Nestes tempos de huelga, lá em cima, a 3500 metros de altitude, no património da humanidade, os cães vagueiam pelo lixo das ruas de Cusco, alguns com as mantas caseiras que protegem o seu corpo pelado do frio. Como já perceberam, os cães no Peru não têm pêlo. Os de Buenos Aires nem padecem da temperatura nem de abandono: o paseador de perros é uma profissão respeitada e importante.
O turismo é um vai-e-vem constante de Lima para Cusco e de Cusco para Machu Picchu. Se os imperadores incas regressassem hoje às suas antigas cidades andinas certamente que se espantariam com o número de mulheres polícias, com a substituição das suas construções pelas catedrais católicas e, sobremaneira, pela forma como Machu Picchu retirou a Cusco o título de “umbigo do mundo”. A ruína inca, tantos séculos oculta e desconhecida de todos, menos dos indígenas locais, é um ponto de confluência de viajantes e de turistas de tudo o mundo.
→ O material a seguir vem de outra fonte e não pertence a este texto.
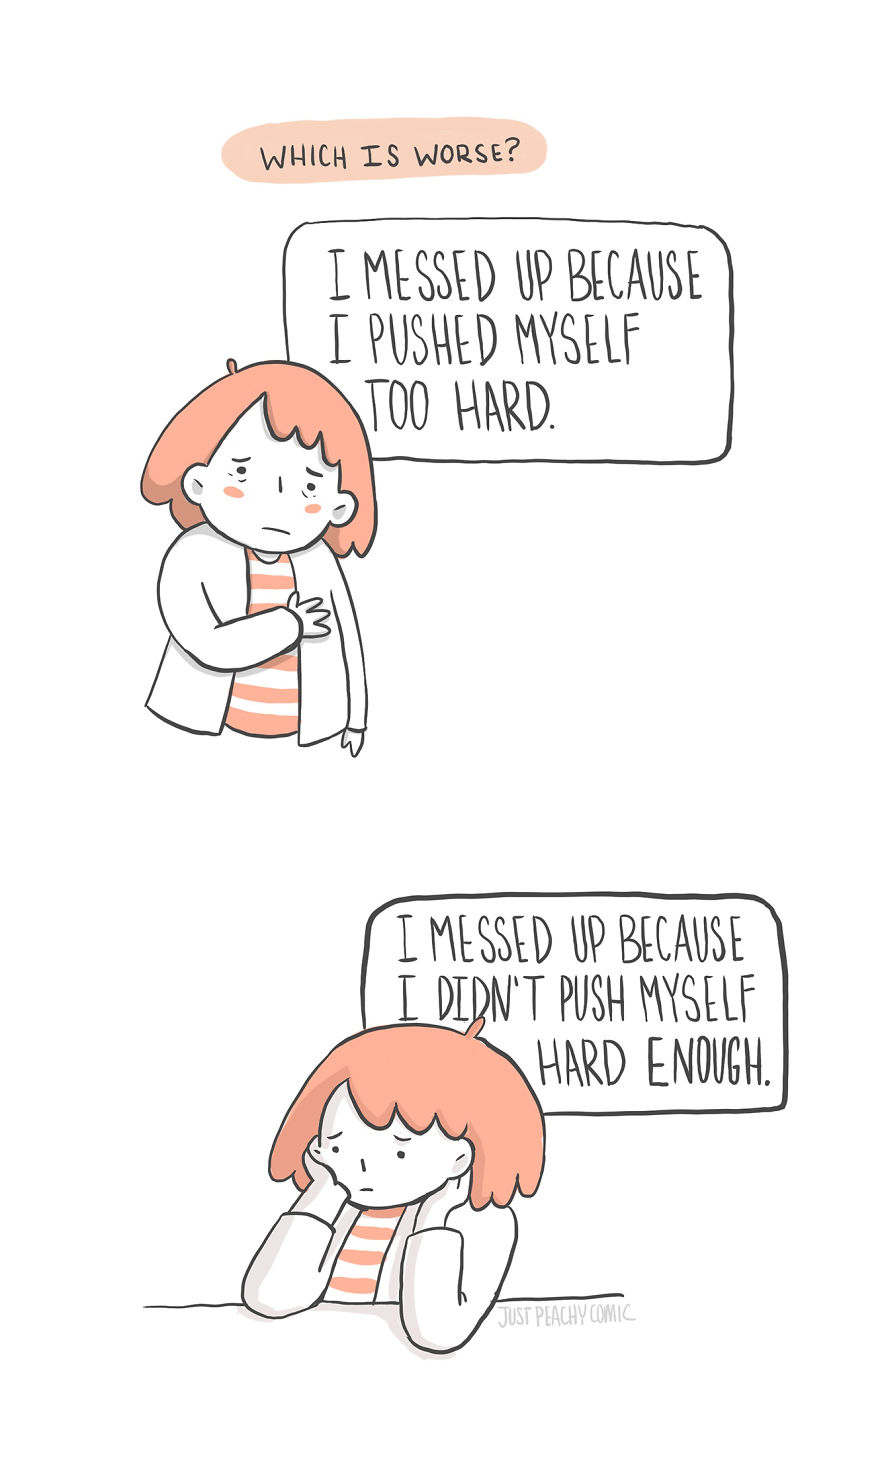 These Comics Perfectly Describe What It's Like To Have Depression And Anxiety

Há quem vá a pé, há quem o faça de autocarro e de comboio. Não há outro emprego para um jovem em Cusco que não esteja directamente ou indirectamente relacionado com o turismo. E não é por falarem quechua. E não é, convenhamos, caso único de mono-indústria no globo.
E o que é que esta América tem a ver com as outras? Com esta, por exemplo, com a sua metade wasp e a sua metade mexicana? Com Los Angeles e as suas praias (Marina del Rey, Santa Mónica, Venice Beach, etc.) ou com os seus retiros de luxo em Santa Bárbara, exclusivos da constelação de estrelas que gravita no céu à volta de Hollywood? Com o Pacífico pela frente, estes são pequenos e ordenados centros urbanos, engalanados, luminosos e ensolarados, que acolhem quem singra e que devolvem os losers recalcitrantes. O que é que a América de Buenos Aires ou a de Cusco têm a ver com a pequenez, pacatez, riqueza e conforto, obviamente wasp, também, de Santa Ignez ou de Carmel, a Carmel de Clint Eastwood?
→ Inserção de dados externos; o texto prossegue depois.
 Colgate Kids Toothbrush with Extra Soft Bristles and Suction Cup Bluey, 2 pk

Enfim, com o calor e abastança desta Califórnia? Ou com a licenciosidade ou com a crueza das ruas de São Francisco, cinzentas e frias no mês de Agosto, com as paragens de autocarro da Baixa ocupadas por veteranos de guerra, crianças perdidas ou um rol significativo de pessoas sem-abrigo? Nada, aparentemente nada. Mas, mesmo assim, o mundo está mais pequeno. E mais semelhante, quiçá. Há várias formas de classificar o que é o “umbigo do mundo”, como diziam os incas, ou de entender e apreciar o que é um oásis. Não é um dislate aplicar o substantivo masculino a Buenos ou a Cusco, a São Francisco ou ao Havai. A cada leitor a sua escolha.
Repare-se, ademais, na influência do turismo asiático, já não apenas o japonês, mas sobretudo o de origem chinesa, em todo o Pacífico. Se os japoneses, a despeito de Pearl Harbour, escolhem o Havai para casar e cenário de intermináveis sessões de fotografia, os chineses escolhem qualquer lugar que possua a concentração destas três variáveis: um hotel XL com largas centenas de quartos, um centro comercial labiríntico com todas as marcas europeias de notoriedade planetária (automóveis, roupa, relógios, carteiras, por aí fora) e um casino aberto 24 horas por dia, de preferência. Tudo intercomunicável, note-se. Se sabem o que é o pachinko sabem do que é que os nipónicos são capazes de fazer quando têm uma máquina de jogo pela frente.